At the agencies
The Congressional Budget Office (CBO) released an updated score of federal healthcare spending over the next decade which predicted that spending for people under 65 will total about $705 billion in 2017, and grow to $1.7 trillion by 2027. Net spending on healthcare for the same period will be about $9.2 trillion, which includes $4 trillion for Medicaid and the Children’s Health Insurance Program (CHIP), and another $3.9 trillion for the tax treatment of employer-sponsored coverage. CBO’s predictions assume that subsidies for individual market coverage will be $137 billion lower than earlier estimates, with four million fewer Americans expected to enroll in coverage through the exchanges.
The Centers for Medicare and Medicaid Services (CMS) has received a number of comments from concerned hospitals and providers over the agency’s proposal to further reduce funding for off-campus provider-based departments. CMS issued a proposal that would cut pay rates for physician practices that hospitals buy down to 25 percent of hospital rates in 2018. Multiple stakeholders pointed to the lack of data CMS has to justify the additional reduction in pay rates for these off-campus facilities, and asked that CMS delay further changes to the rates until they have sufficient data to inform their policymaking.
CMS announced it is seeking stakeholder input on several methodology re-evaluation items designed to enhance the overall star rating methodology. The agency recently issued a notice seeking public input on possible enhancements to the overall hospital quality star ratings and requested specific feedback on how measures should be weighted, whether certain measures should be incorporated into the star ratings and possible changes to the public reporting thresholds as well as the minimum measures. Despite the request for input, hospitals remain concerned about the overall star rating methodology.
On the Hill
The House Energy & Commerce health subcommittee unanimously passed seven bipartisan Medicare-related bills that mirror the Senate’s Creating High-Quality Results and Outcomes Necessary to Improve Chronic (CHRONIC) Care Act of 2017. The various pieces of legislation include language that will increase access to remote telemedicine services for certain stroke patients, permit telemedicine to be included as a basic benefit for Medicare Advantage enrollees, extend a Medicare demonstration program that provides a home-based primary care benefit to high-need Medicare beneficiaries with multiple chronic conditions, update civil and criminal penalties for Medicare violations and enhance reporting regarding Medicare beneficiaries’ access to diabetic testing supplies, among other items.

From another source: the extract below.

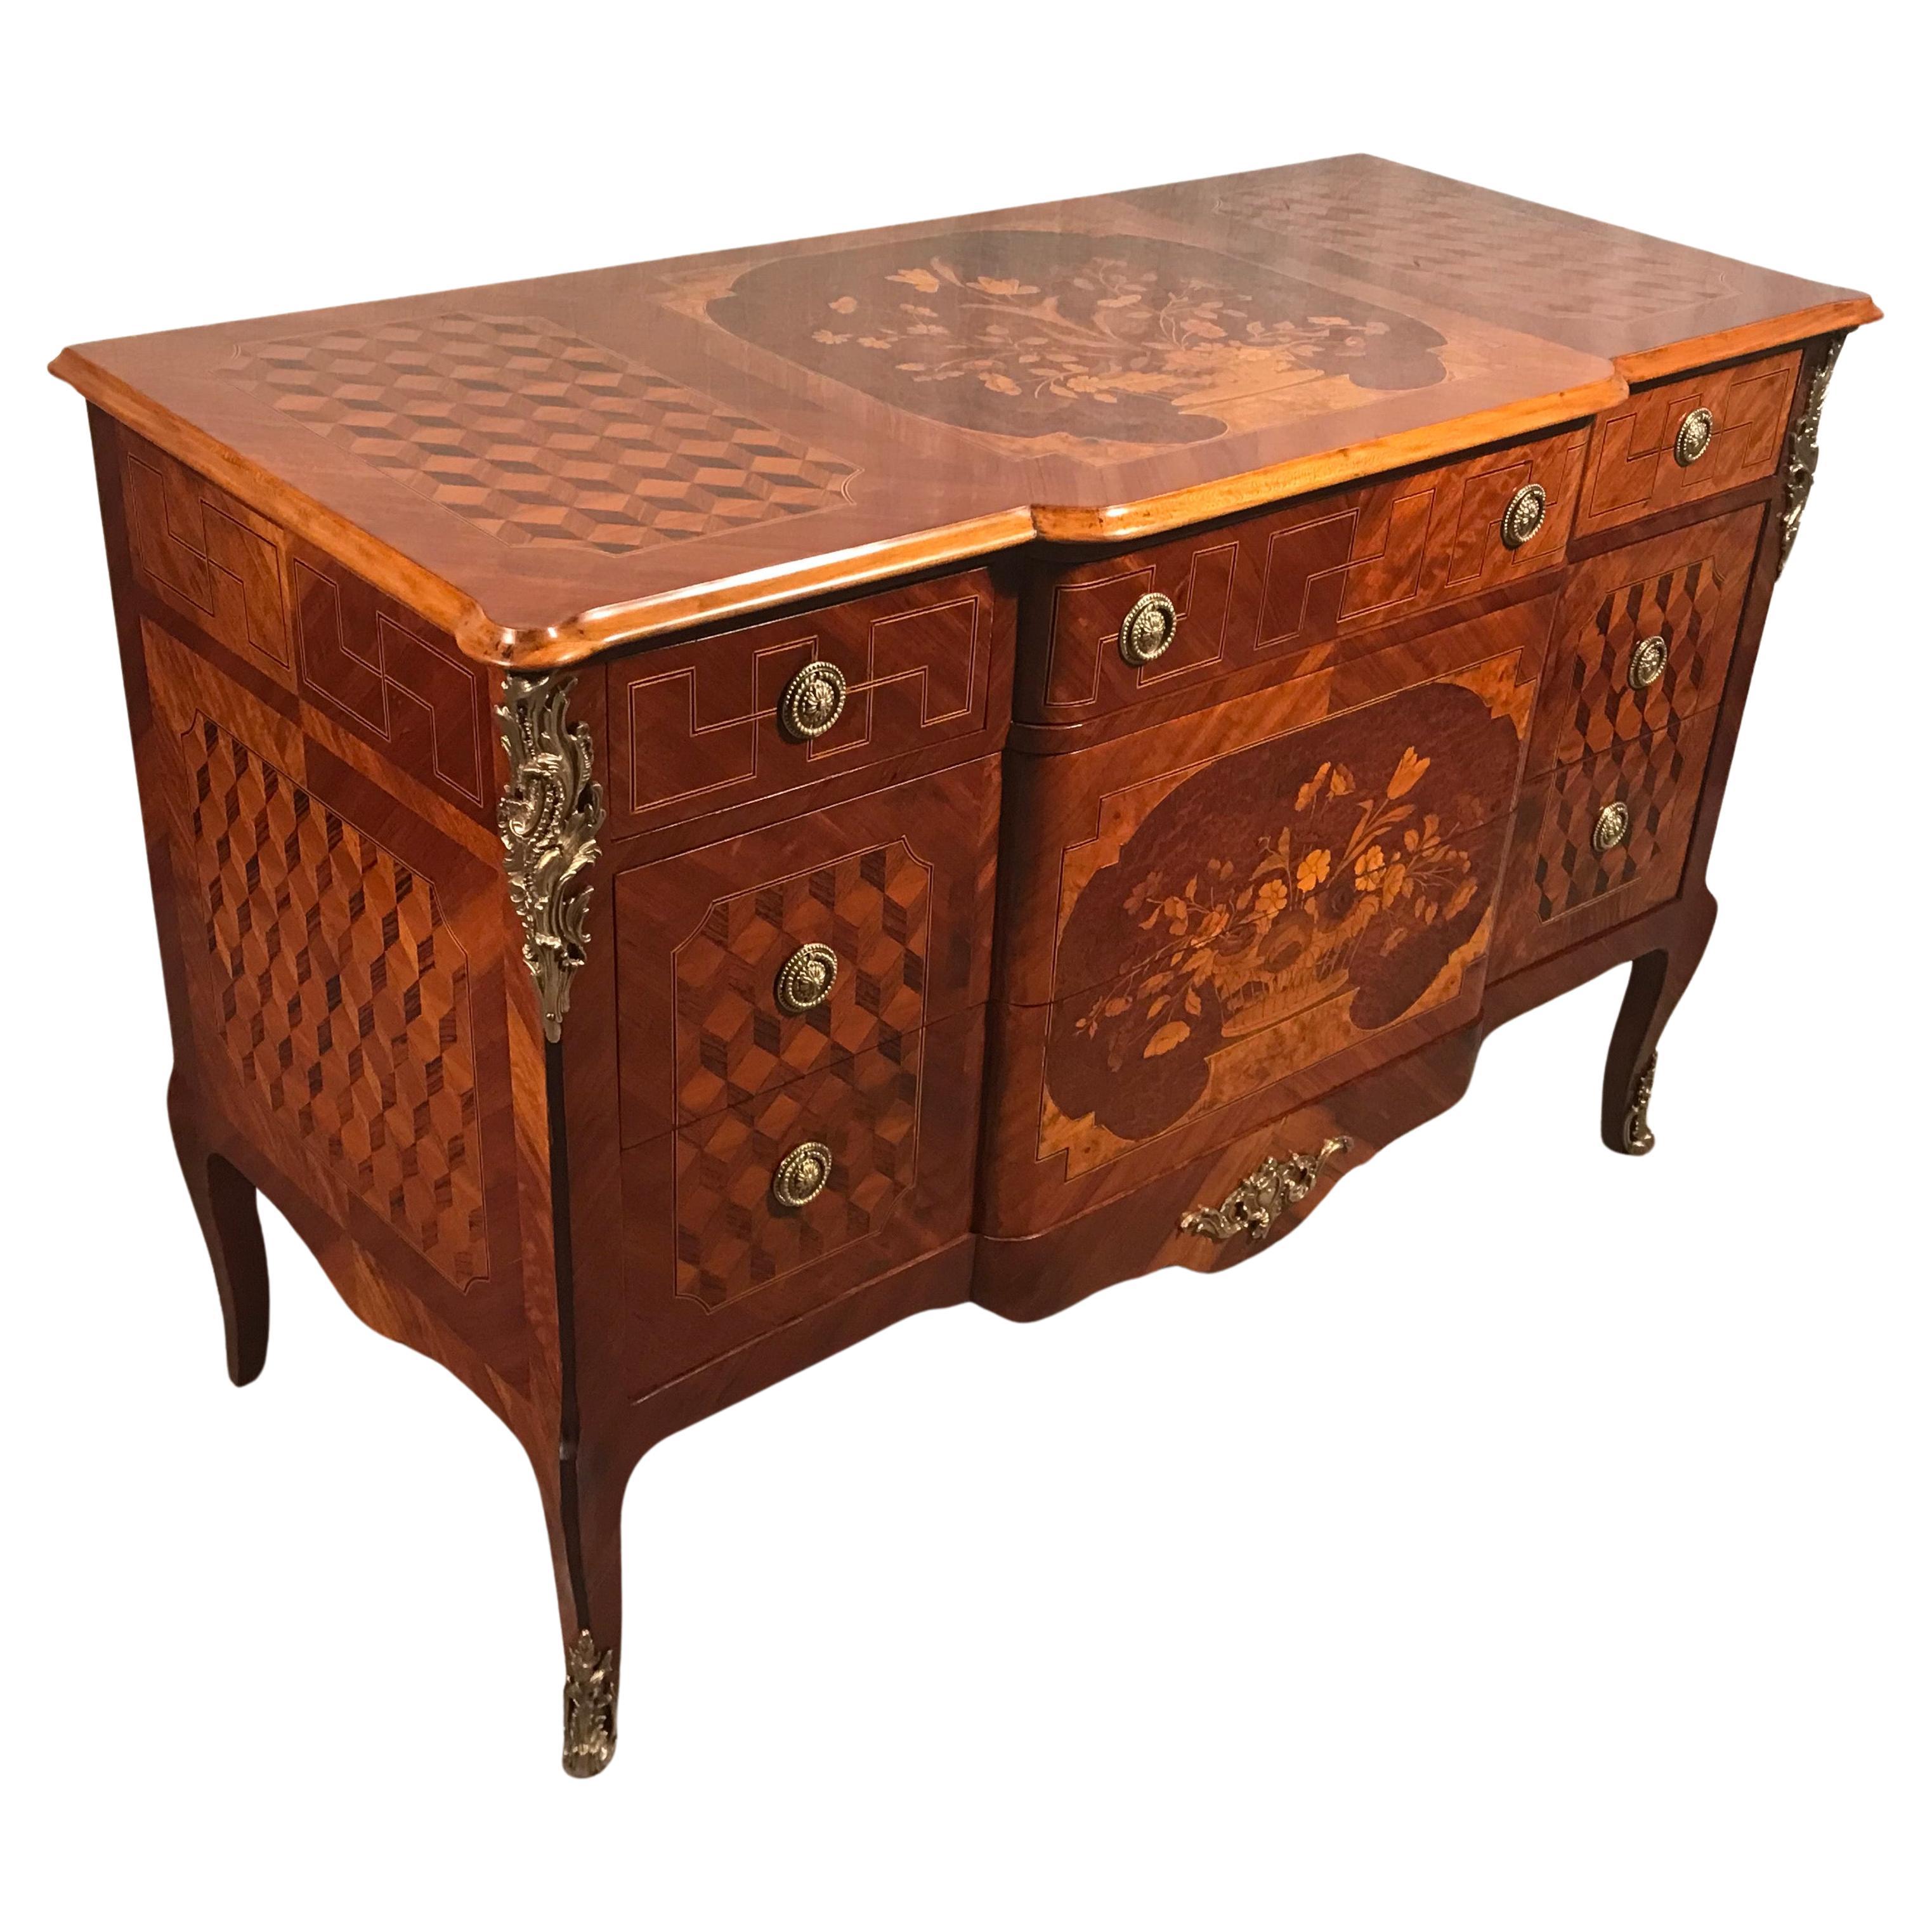 This remarkable chest of drawers, boasting the elegant Louis XVI Style, dates back to the late 19th century. Comprising five drawers, this commode features exquisite marquetry work that truly captivates the eye. The central portion of both the front

Leaders of the Senate Finance Committee announced a five-year deal to extend CHIP funding at an estimated cost of $8 billion. The proposal includes a phase-out of the 23 percent funding bump that was included in the Affordable Care Act, maintaining the 23 percent through 2019, then dropping the payment to 11.5 percent in 2020, and eliminating it entirely in 2021. The negotiated deal would also allow states to drop the eligibility level down to 300 percent of poverty after 2019, instead of 405 percent. Although this deal was announced by Chairman Orrin Hatch (R-UT) and Ranking Member Ron Wyden (D-OR), legislative text has not yet been introduced, and the bill will need to go through the entire legislative process in both the House and Senate. CHIP is currently authorized through 2019, but funding for the program runs out at the end of September.
The Senate Health, Education, Labor and Pensions (HELP) Committee held a series of four hearings earlier this month, emphasizing the need for individual market stabilization. As expected, hearing topics includes funding for cost-sharing subsidies and granting states increased flexibility in designing their individual health insurance markets. All experts urged Congress to provide funding for cost-sharing subsidies, noting that the uncertainty related to these payments is disrupting the market and has the potential to lead to additional increases in premiums for individuals.
Senator Bernie Sanders (I-VT) released Medicare for All legislation this week that would overhaul the existing healthcare system and guarantee coverage for hospital care and ambulatory care services, but does not include an overall financing mechanism. The proposed legislation would cut out all insurers and put all federal money for health programs besides Veterans Affairs and Indian Health Services into a Universal Medicare Trust Fund. Within four years of the effective date of this bill, everyone would be eligible for coverage and would be guaranteed nine services, including: hospital care; ambulatory patient services; primary and preventive care, including chronic care; prescription drugs, medical devices and biological products; mental health and substance use disorder care; laboratory and diagnostic services; comprehensive reproductive, maternal and infant care; pediatrics; and dental, hearing and vision care.